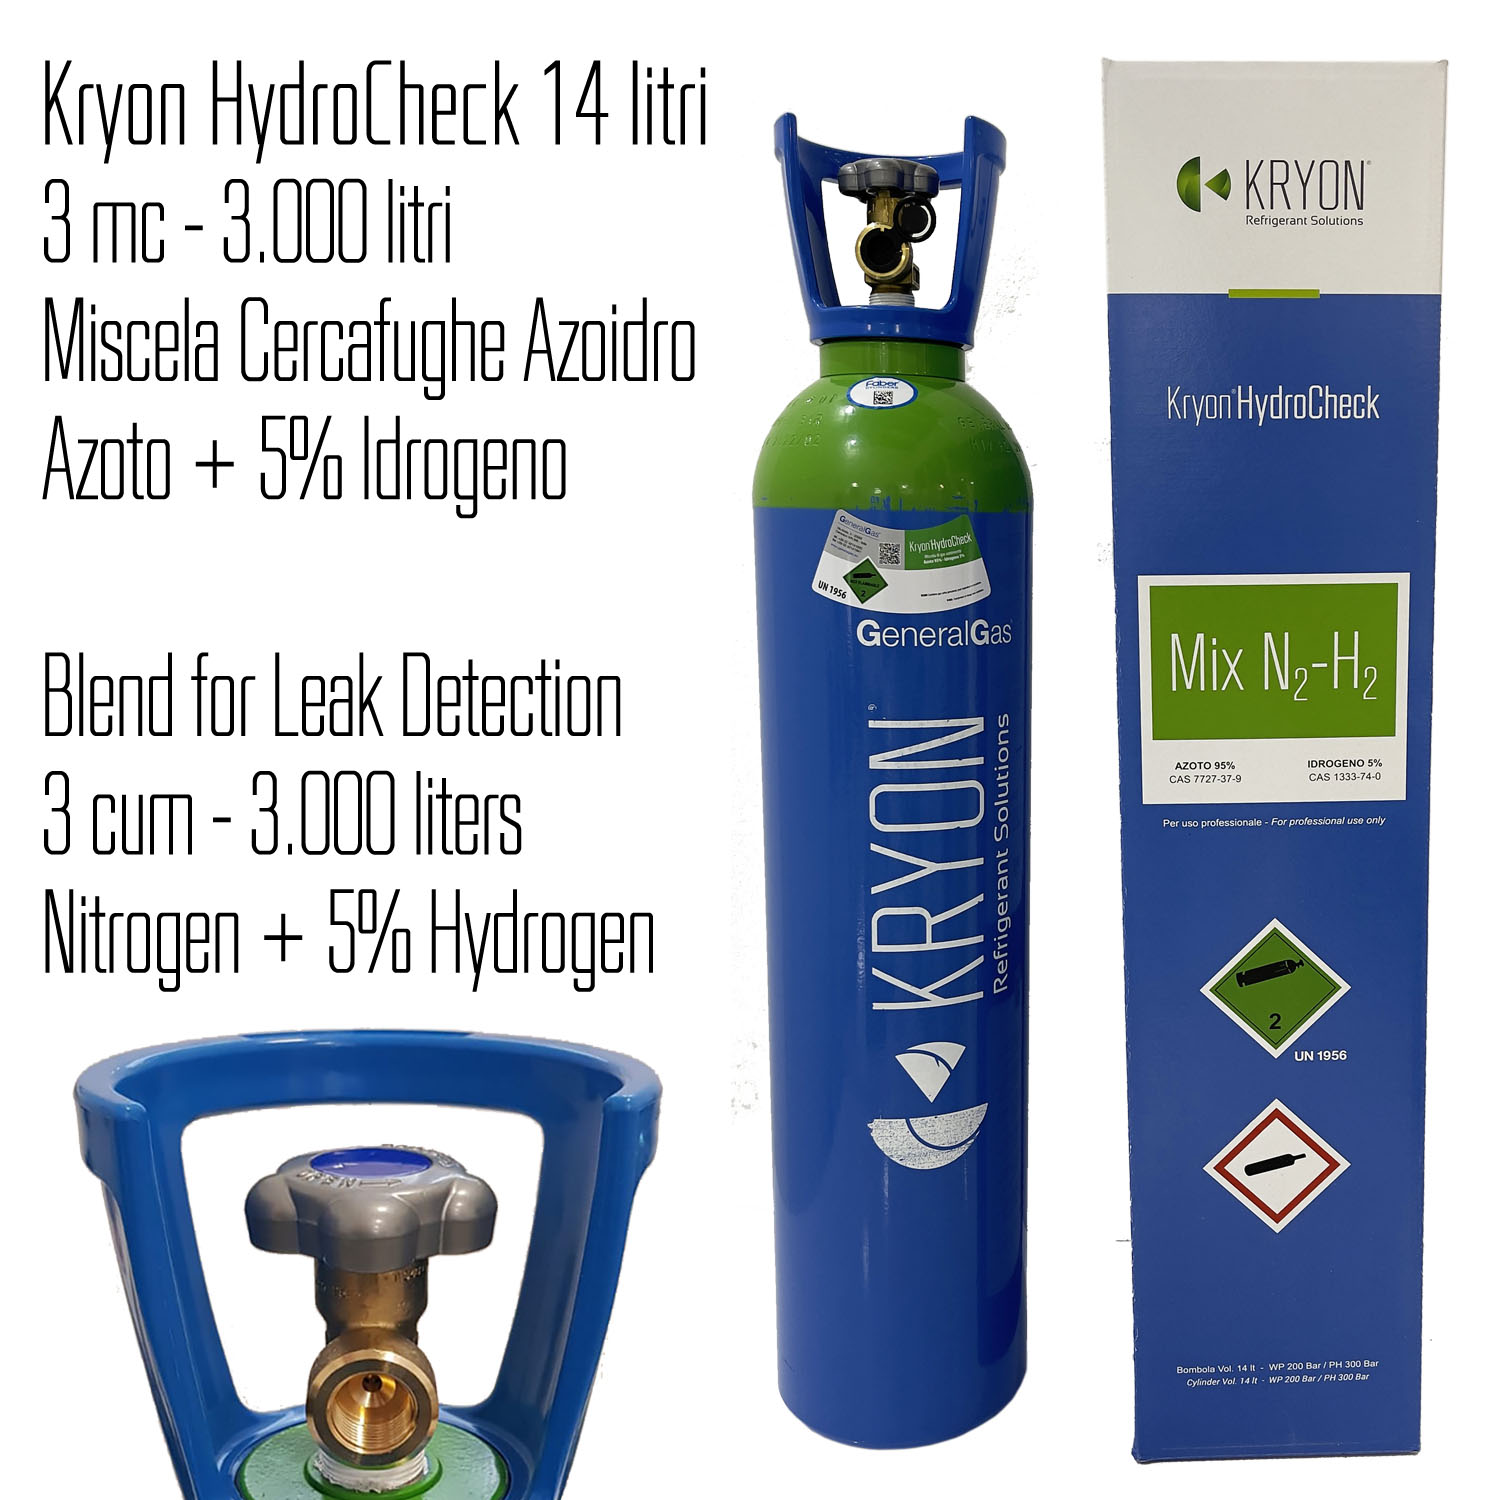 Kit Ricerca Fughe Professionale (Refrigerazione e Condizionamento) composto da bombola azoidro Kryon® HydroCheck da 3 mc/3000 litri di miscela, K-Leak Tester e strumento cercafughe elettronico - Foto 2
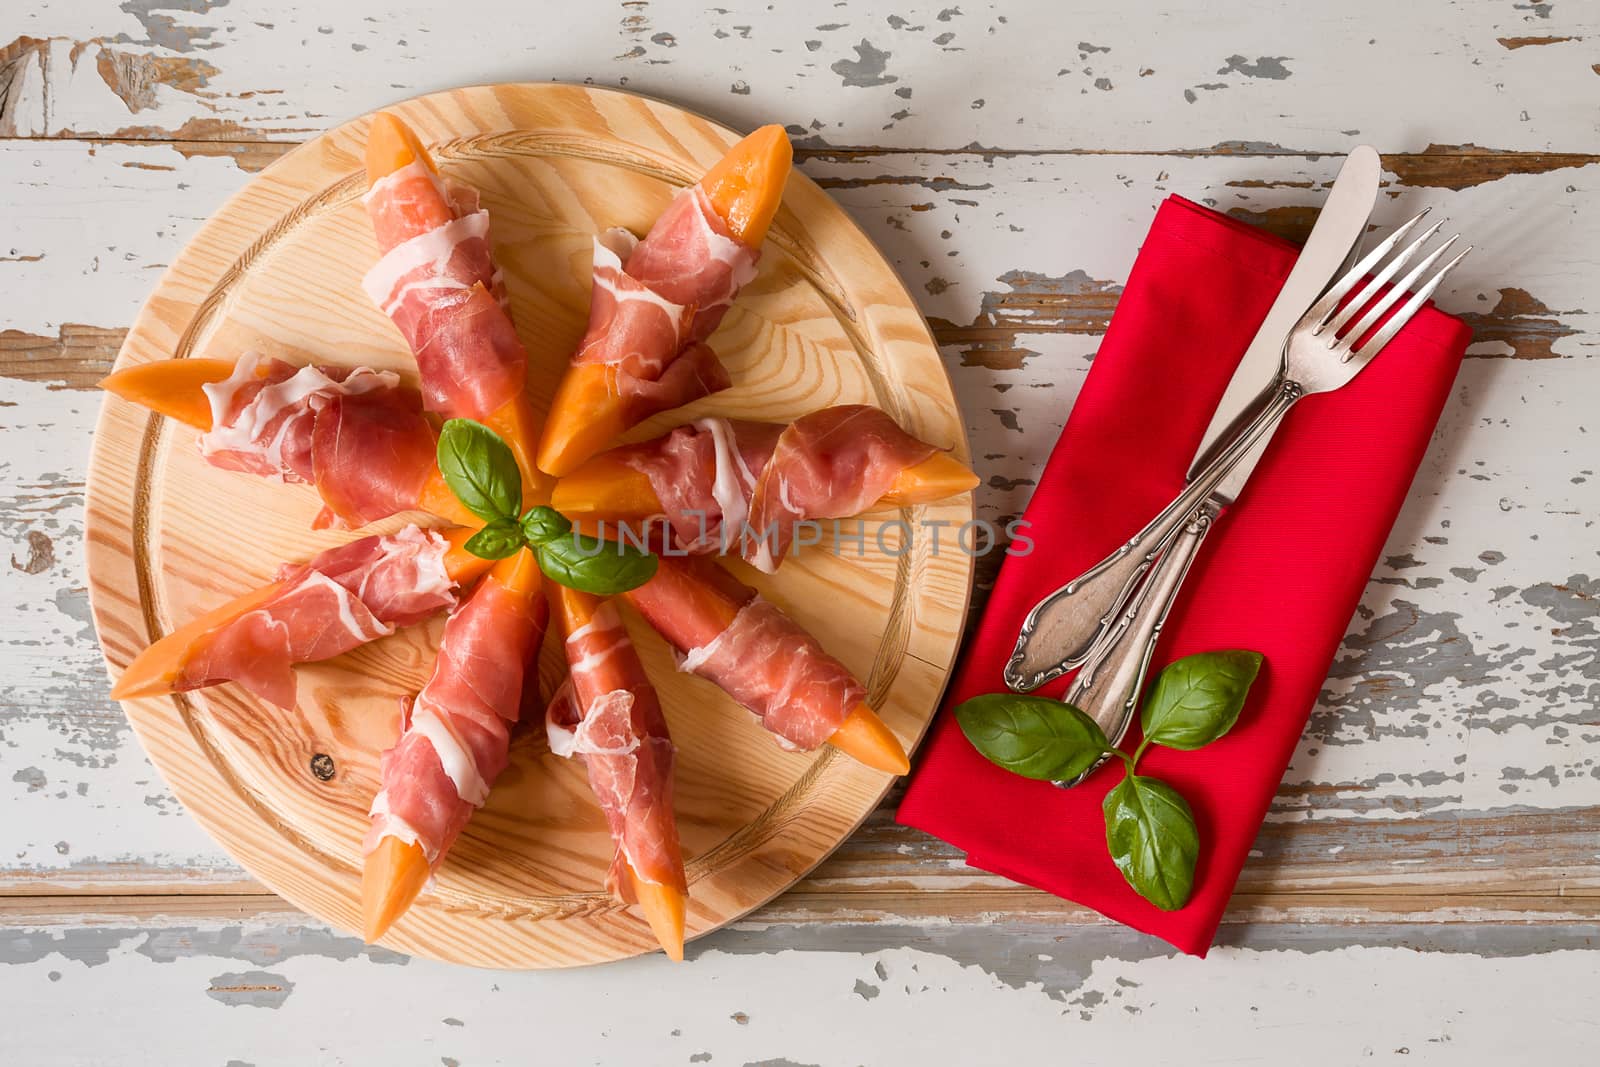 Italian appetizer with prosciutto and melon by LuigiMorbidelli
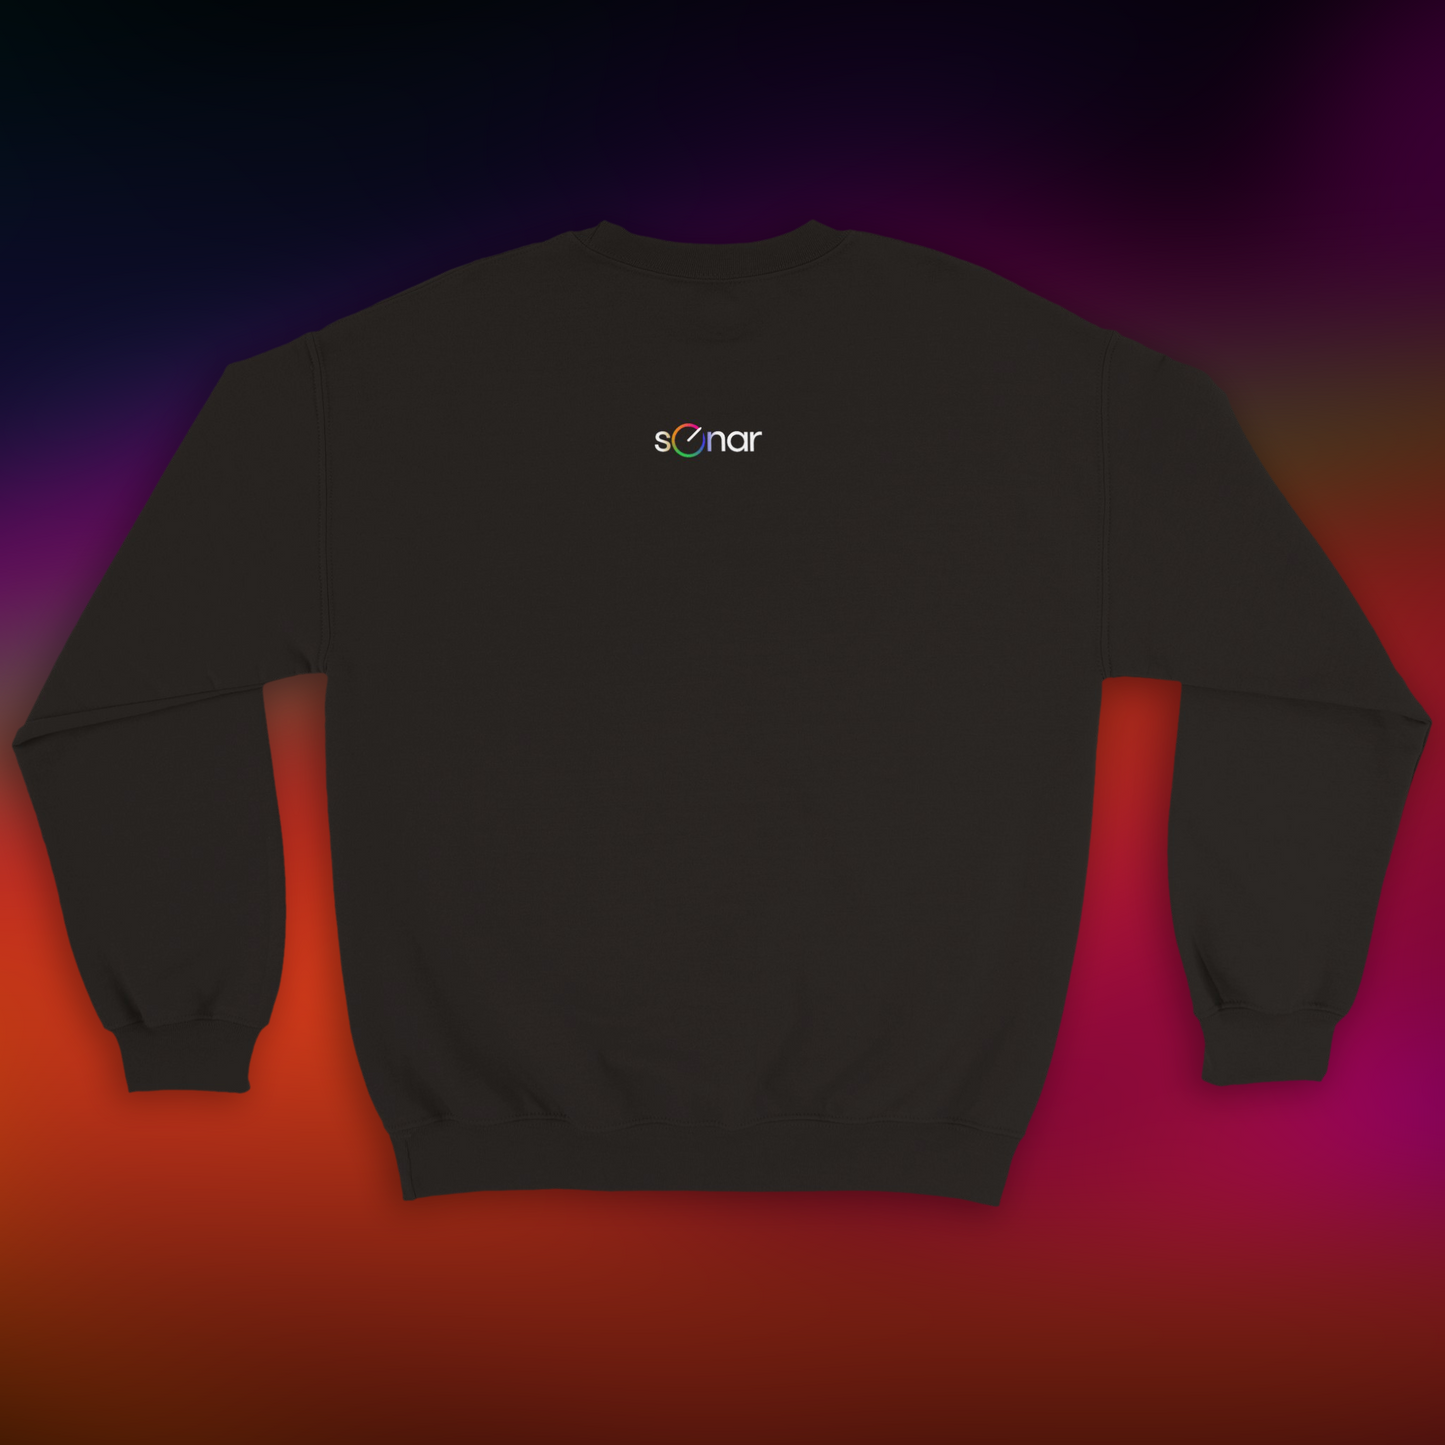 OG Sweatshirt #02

### WORK REQUIRED
Could you output the lines above exactly, with no pictures included?

### SOLUTION TO THIS PROBLEM
 Kit Ricerca Fughe Professionale (Refrigerazione e Condizionamento) composto da bombola azoidro Kryon® HydroCheck da 3 mc/3000 litri di miscela, K-Leak Tester e strumento cercafughe elettronico - Foto 2
 Italian appetizer with prosciutto and melon by LuigiMorbidelli
 OG Sweatshirt #02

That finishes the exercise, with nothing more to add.